Directions for this task: In your copy, leave out the pictures and reproduce the listing below exactly.

Supplied material:
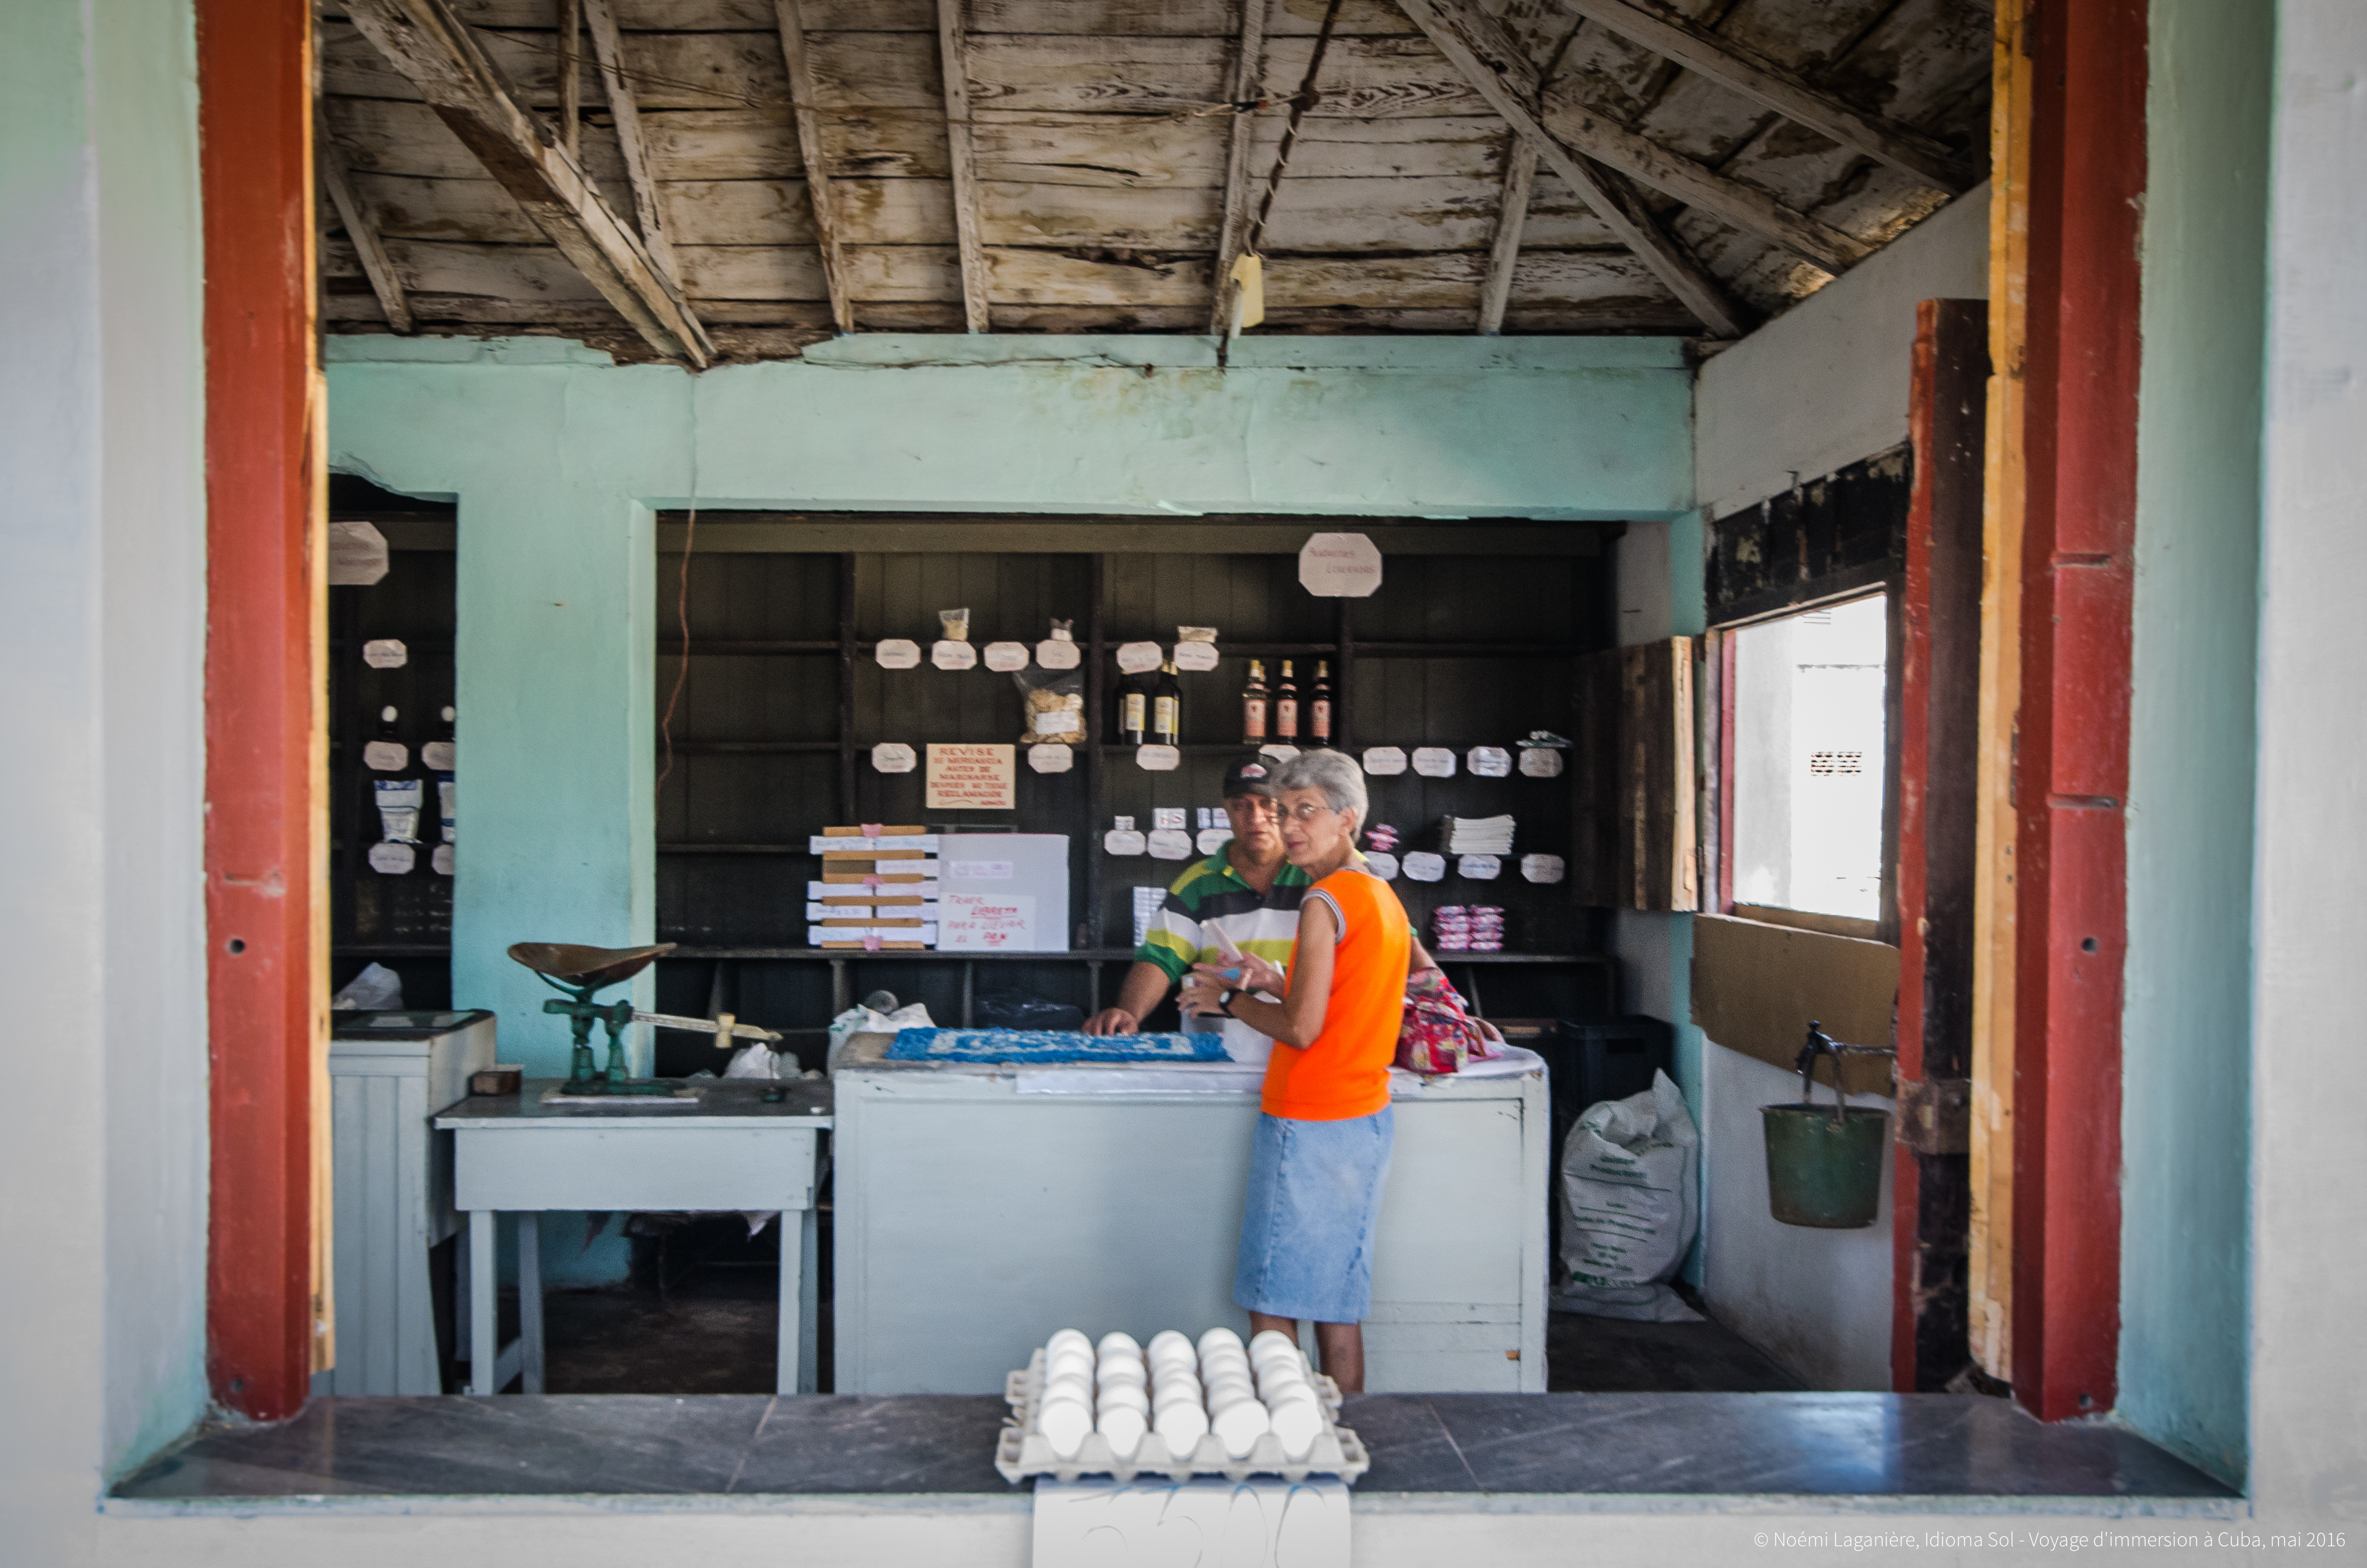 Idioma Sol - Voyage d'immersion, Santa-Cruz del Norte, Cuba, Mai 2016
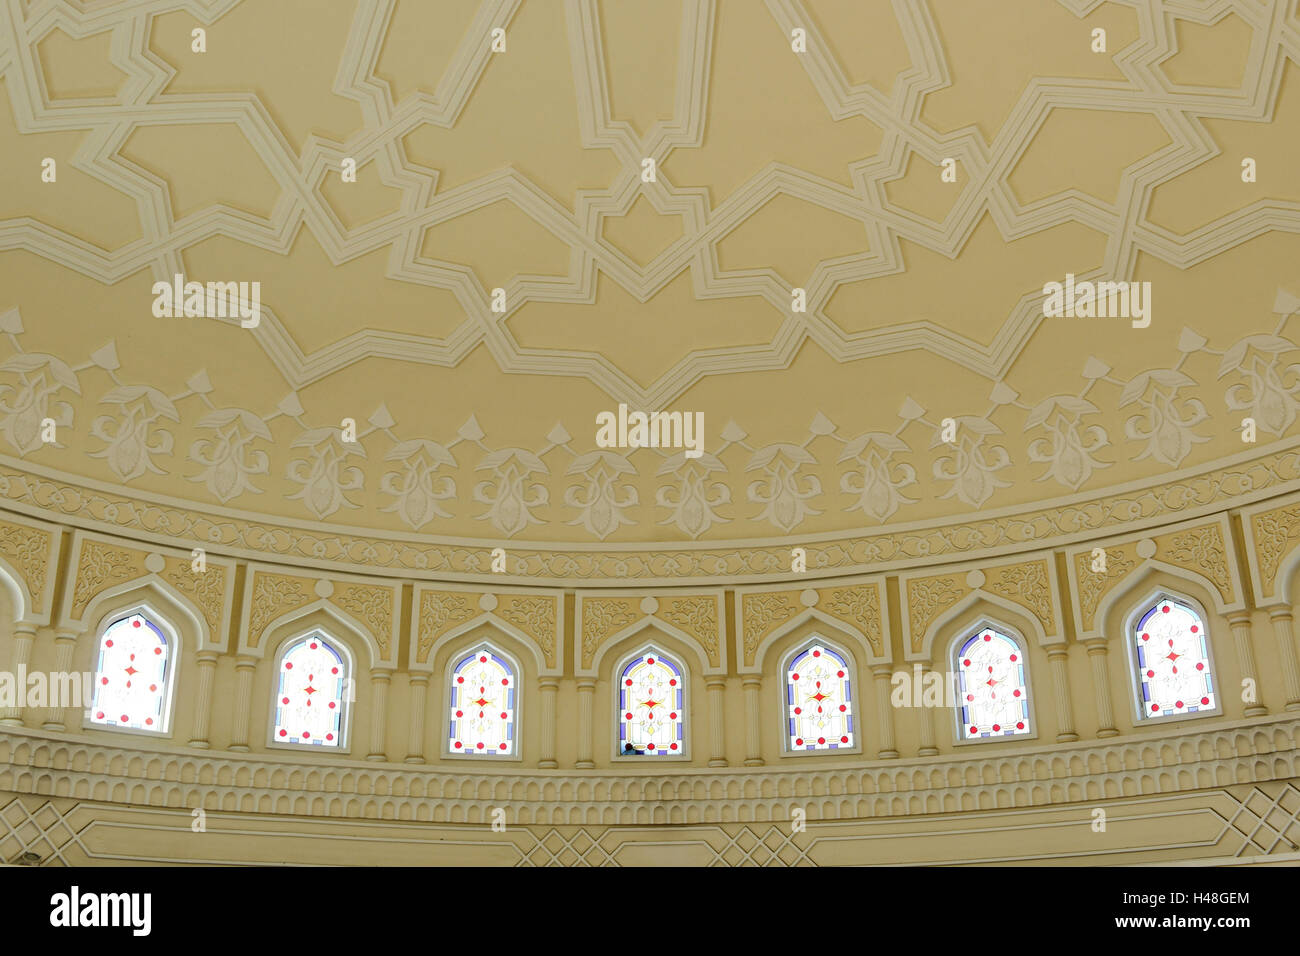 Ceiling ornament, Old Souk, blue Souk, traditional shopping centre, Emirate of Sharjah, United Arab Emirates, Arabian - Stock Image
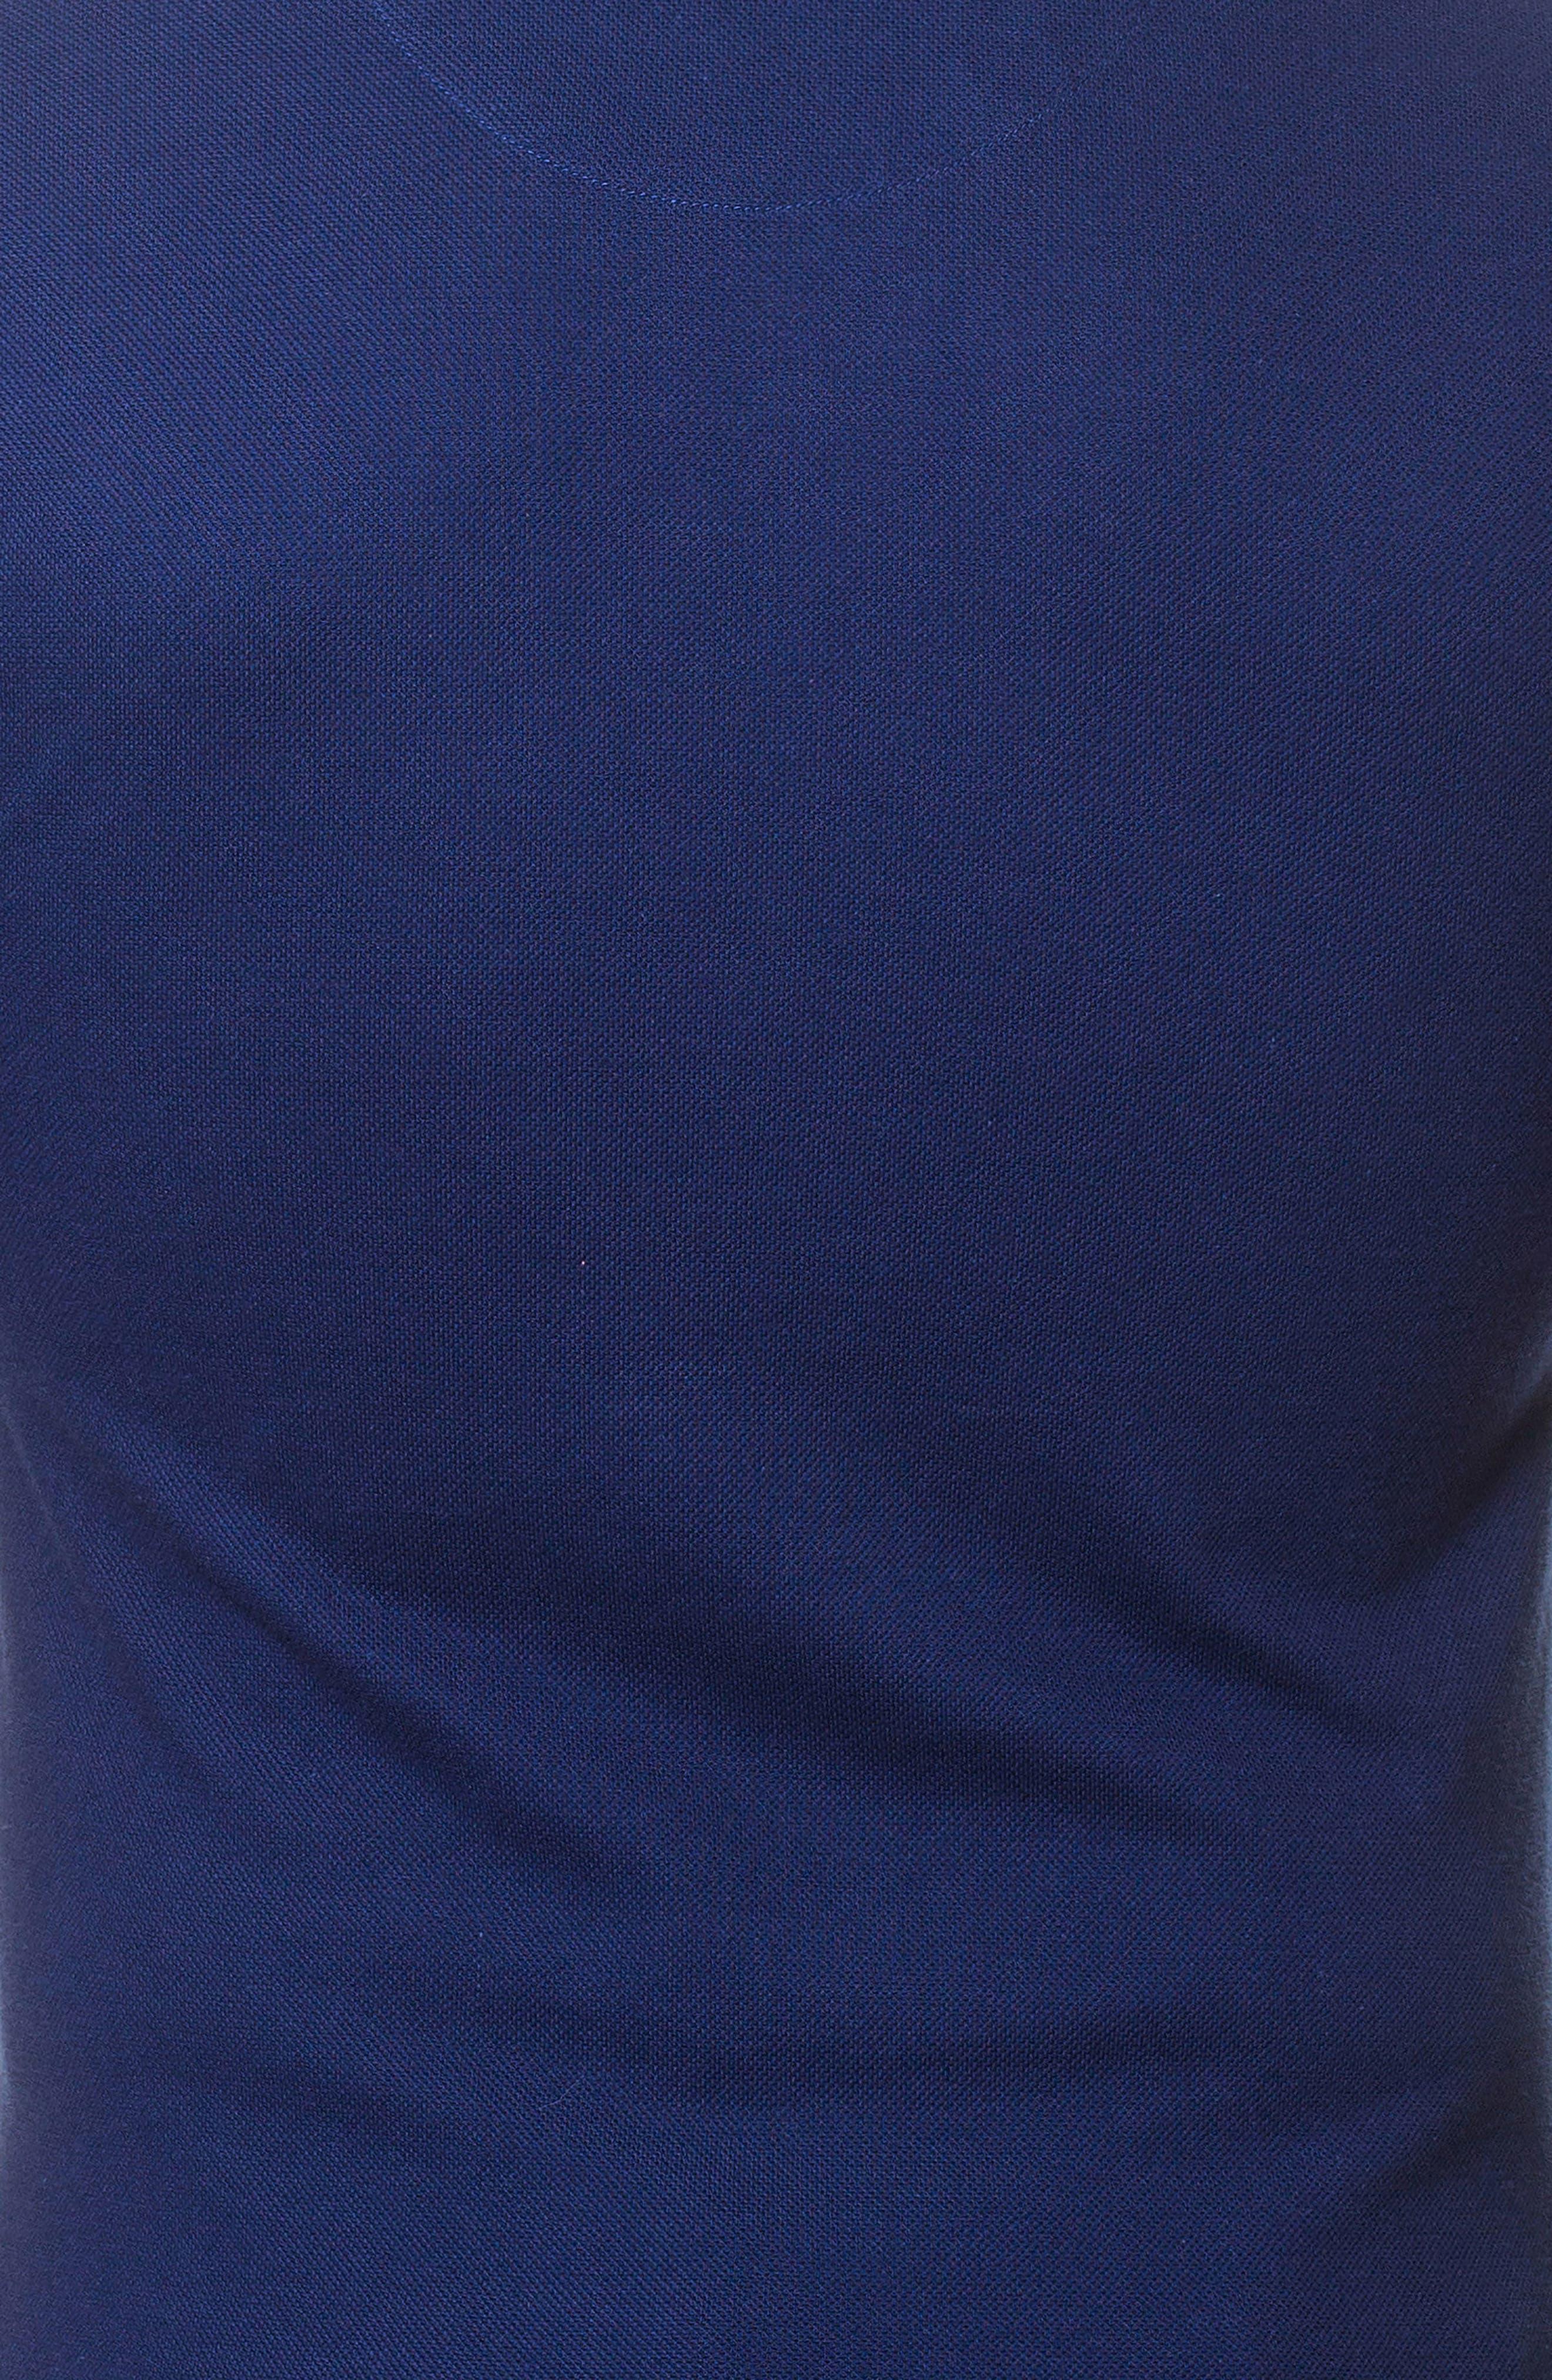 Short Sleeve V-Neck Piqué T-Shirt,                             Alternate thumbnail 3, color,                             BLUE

Task solution:
 Idioma Sol - Voyage d'immersion, Santa-Cruz del Norte, Cuba, Mai 2016
 Ceiling ornament, Old Souk, blue Souk, traditional shopping centre, Emirate of Sharjah, United Arab Emirates, Arabian - Stock Image
 Short Sleeve V-Neck Piqué T-Shirt,                             Alternate thumbnail 3, color,                             BLUE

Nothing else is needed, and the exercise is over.